In the last decade or so, the Midlands has become a significant reference point in the historic and cultural understanding of England’s national identity. Following the discovery of the Staffordshire Hoard, a new account has started to emerge of both the influence and importance of the, once forgotten, place in the middle. As the historian Helen Castor’s recent documentary series, England: Made in the Middle, attests, the Midlands is where the cornerstones of our contemporary English identity were carved. With its foundations firmly set in the Anglo Saxon Kingdom of Mercia, the English Midlands was the medieval melting pot for the fusion of political, social and cultural changes that led up to the early renaissance and beyond.
The significance of beginning to understand this new strata of influence allows us to configure a different view of how this region’s built environment may have developed during this time, as well as what influenced its shape and culture. The great towns and cities of the Midlands all prospered during this time to emerge after the renaissance as significant centres of commerce, industry and innovation. One would only need to recount the deeds of the individuals who participated in The Lunar Society to confirm this fact.
A region’s vernacular architecture has always been considered to be an expression of its character, what it built and how it built it was woven into the fabric of its identity. Traditional or vernacular building practices have historically been concerned with utilising indigenous materials and regional knowledge of construction, topography and climate. These elements determined the character of a region’s buildings, how they were built and what they would look like. Whether it is the timber-framed farmhouses and cottages of Warwickshire and Derbyshire, or the Victorian villas and industrial factories and terraces of Birmingham and the Black Country, throughout history, the construction of buildings has always been a response to both changing social tastes and economic necessity.
Economic migration, throughout the eighteenth and nineteenth centuries, changed the dynamics of both town and country, creating a unique schism in English history. The traditional and vernacular buildings of the Midlands, even today, bear witness to this unique juncture. While the central areas of the West Midlands still proudly display the monumental architectural heritage of the Industrial Revolution, the buildings of Warwickshire, Derbyshire and Leicestershire still project a unchanged pre-industrial form and a vernacular style that distinctly belongs to a very English rural way of life.

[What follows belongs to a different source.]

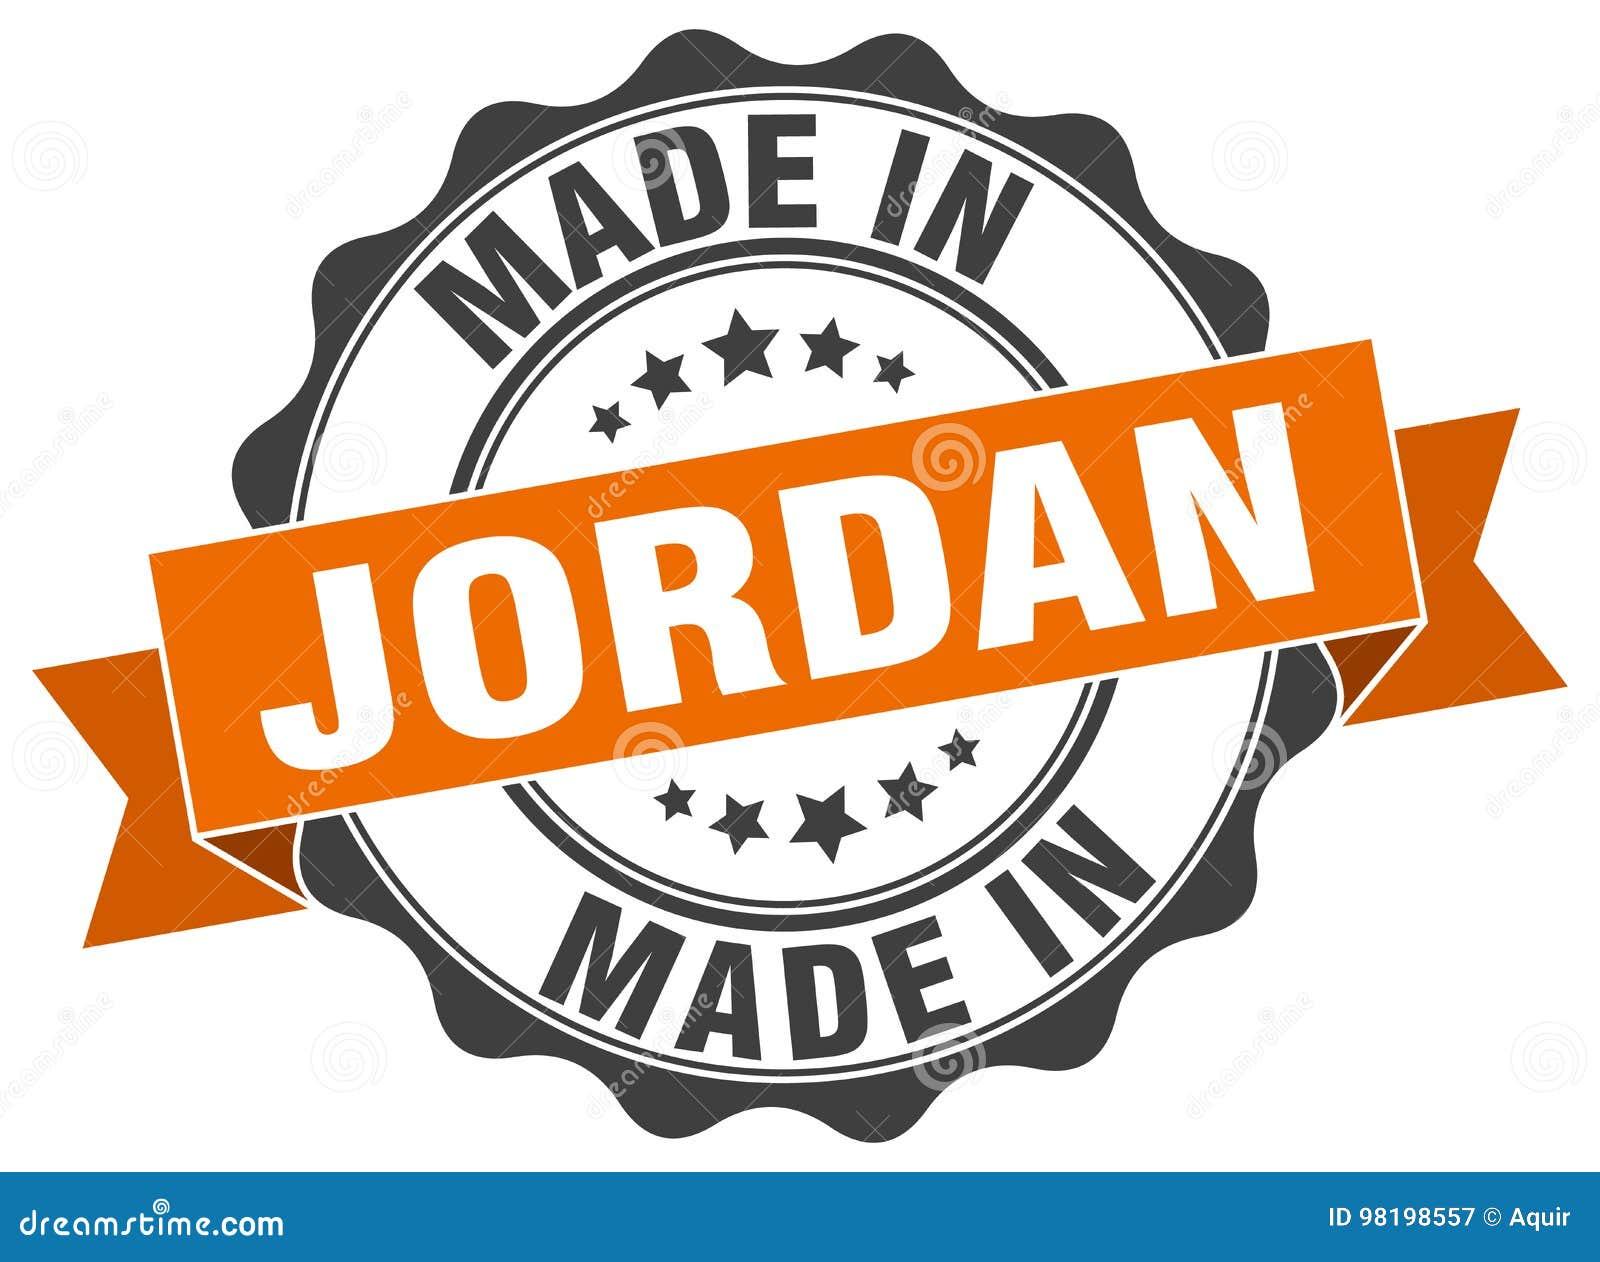 Made In Jordan Seal Stock Vector Illustration Of Fabricated 98198557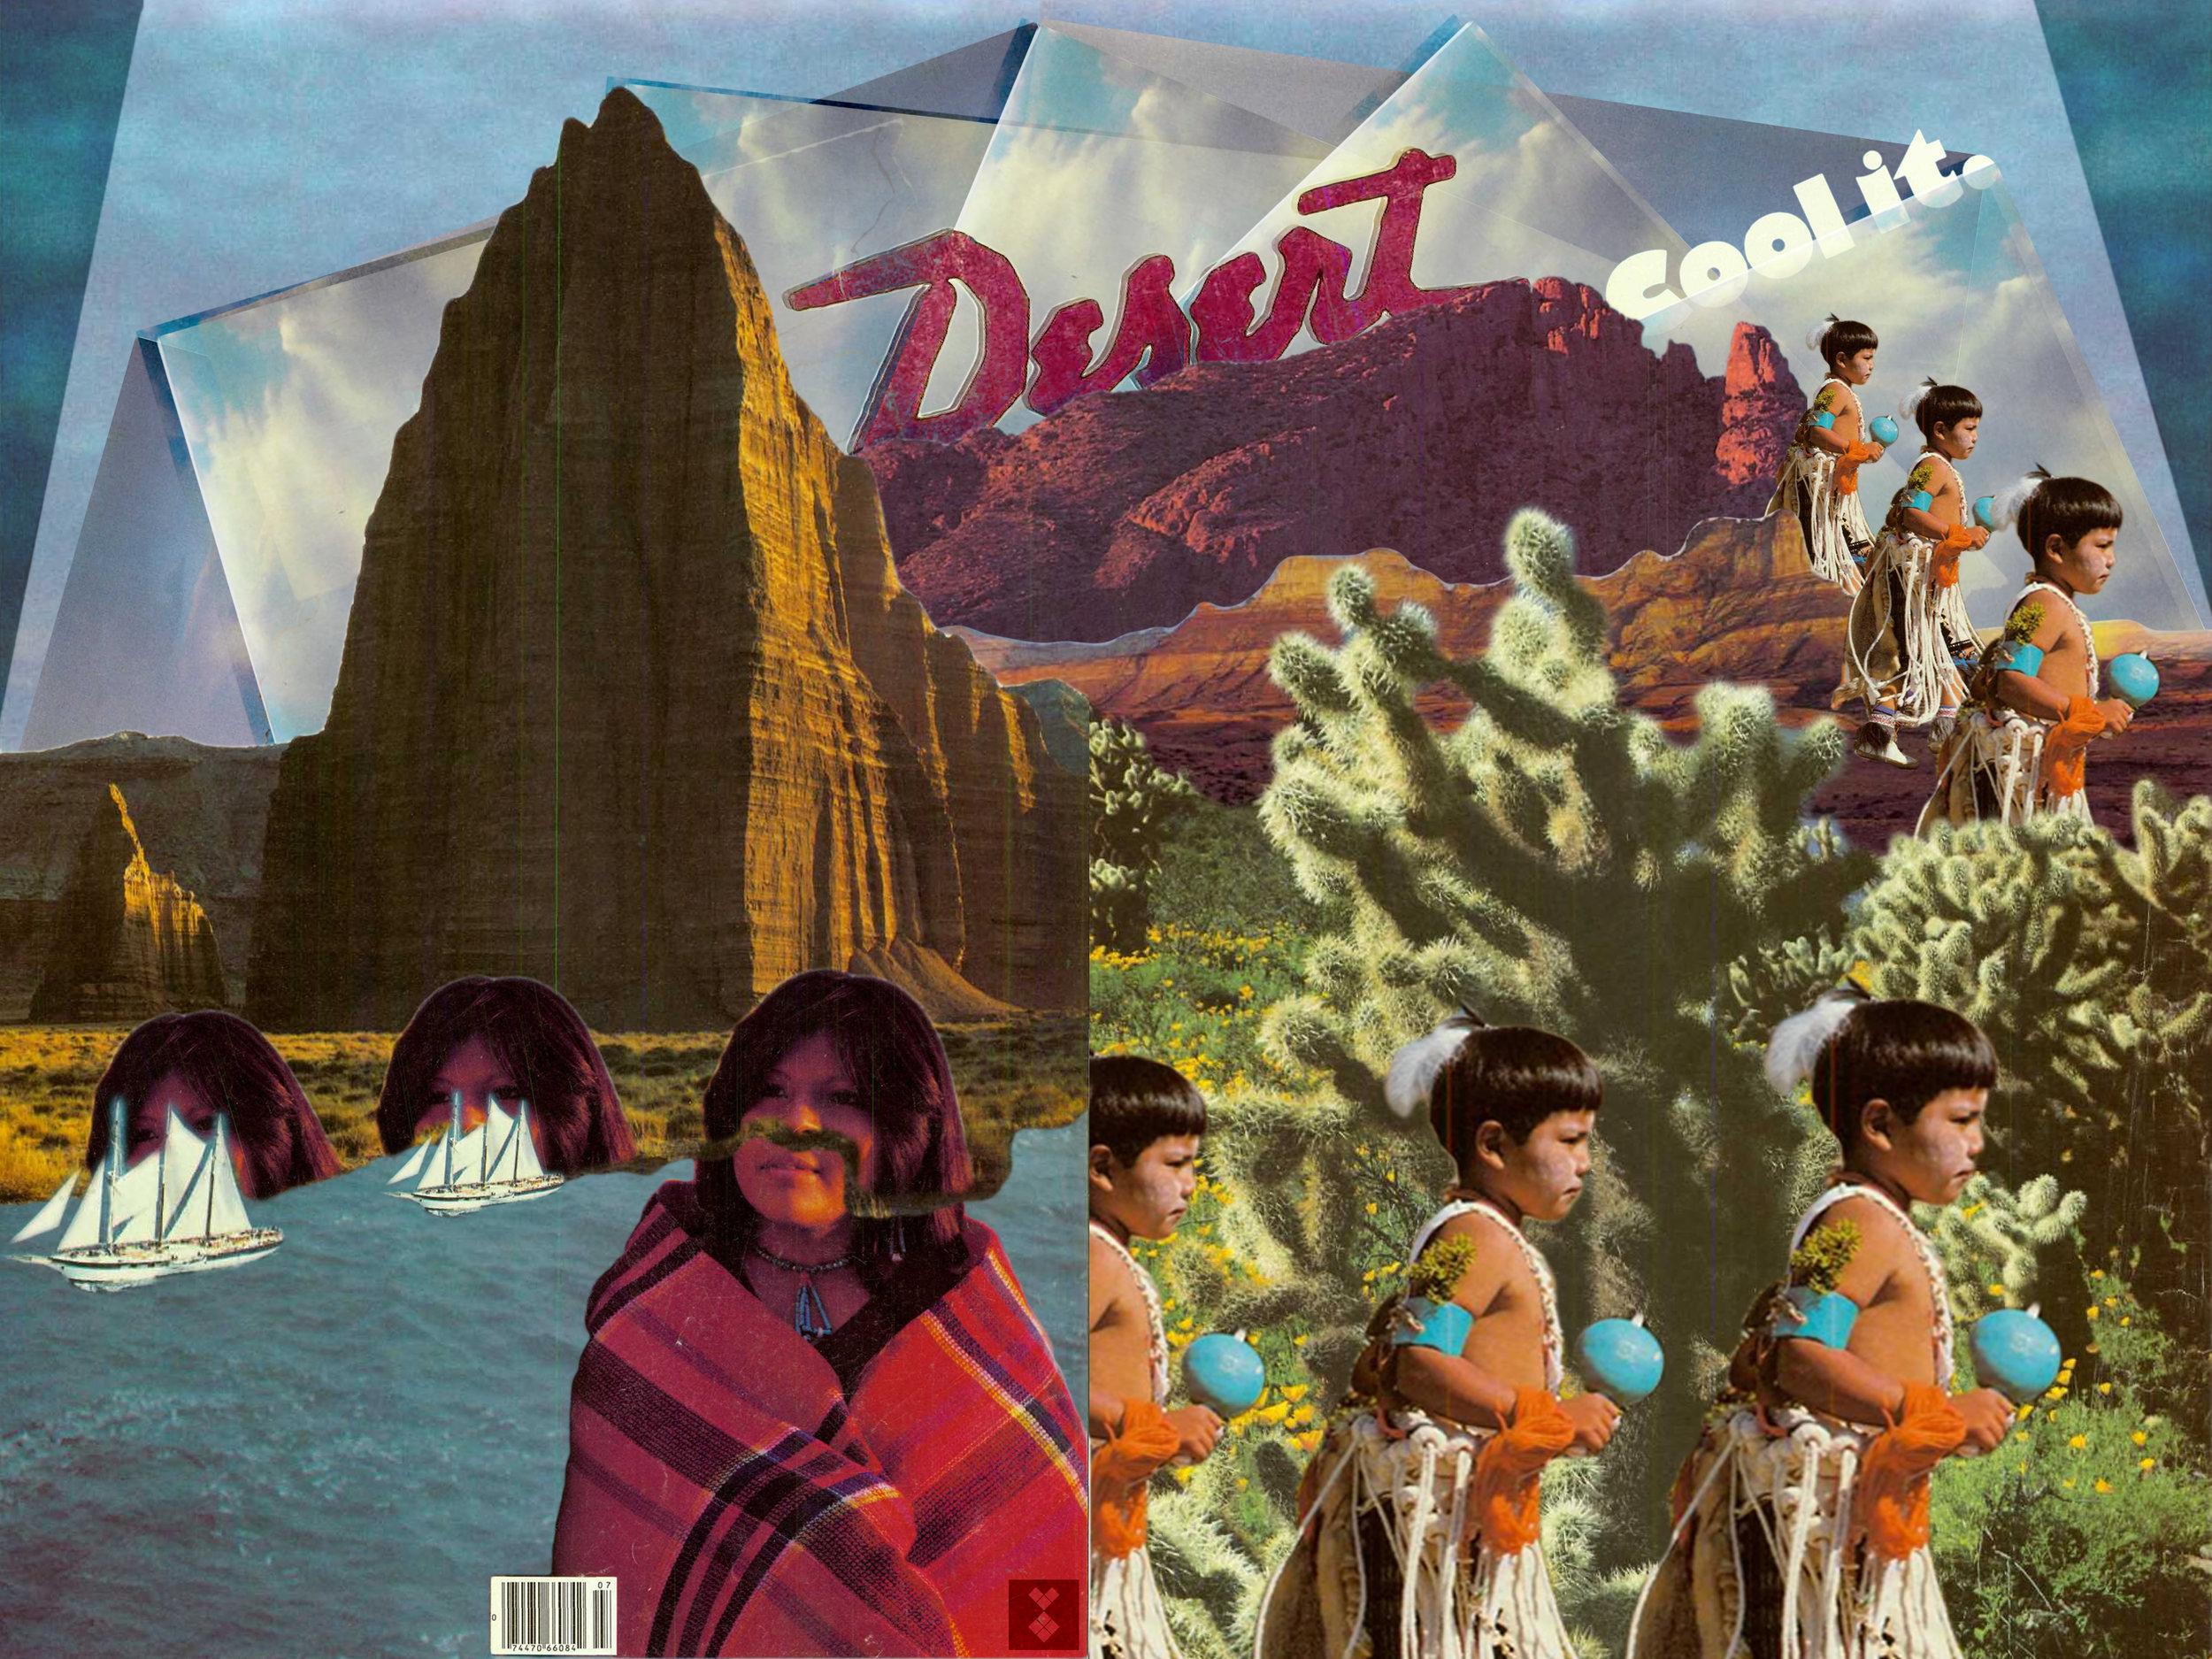 DESERT+Cool+It+Collage.jpg

The architectural legacies of England”s great industrial innovations still stand as a testament to what is now a bygone age of coal, iron and steam. Whist its agricultural heritage still provides a rich seam of vernacular interest throughout the region. The agricultural and technological developments of the time changed this built environment in a way that still organises our day-to-day lives today. Being at the centre, the English Midlands has always been influenced by its periphery, it has always allowed the edges to bleed in and participate in its cultural and material fabric. It is because of this unique position and porosity that its buildings and architecture demonstrate an immense diversity in construction, style and function. To truly understand this diversity, and to continue to cherish all that it offers, it is imperative to think about these buildings in their widest context, by which we mean not just their regional character, but their forms and functions, how they were built and why they were built.
In this sense, our objective, at Hertes of England, is a relatively simple one; to build a unique architectural and building resource that explores the rich historical, material and cultural landscapes of the English Midlands, with the hope of understanding the numerous and diverse range of buildings that stand as testaments to the craft and ingenuity of the people who made them.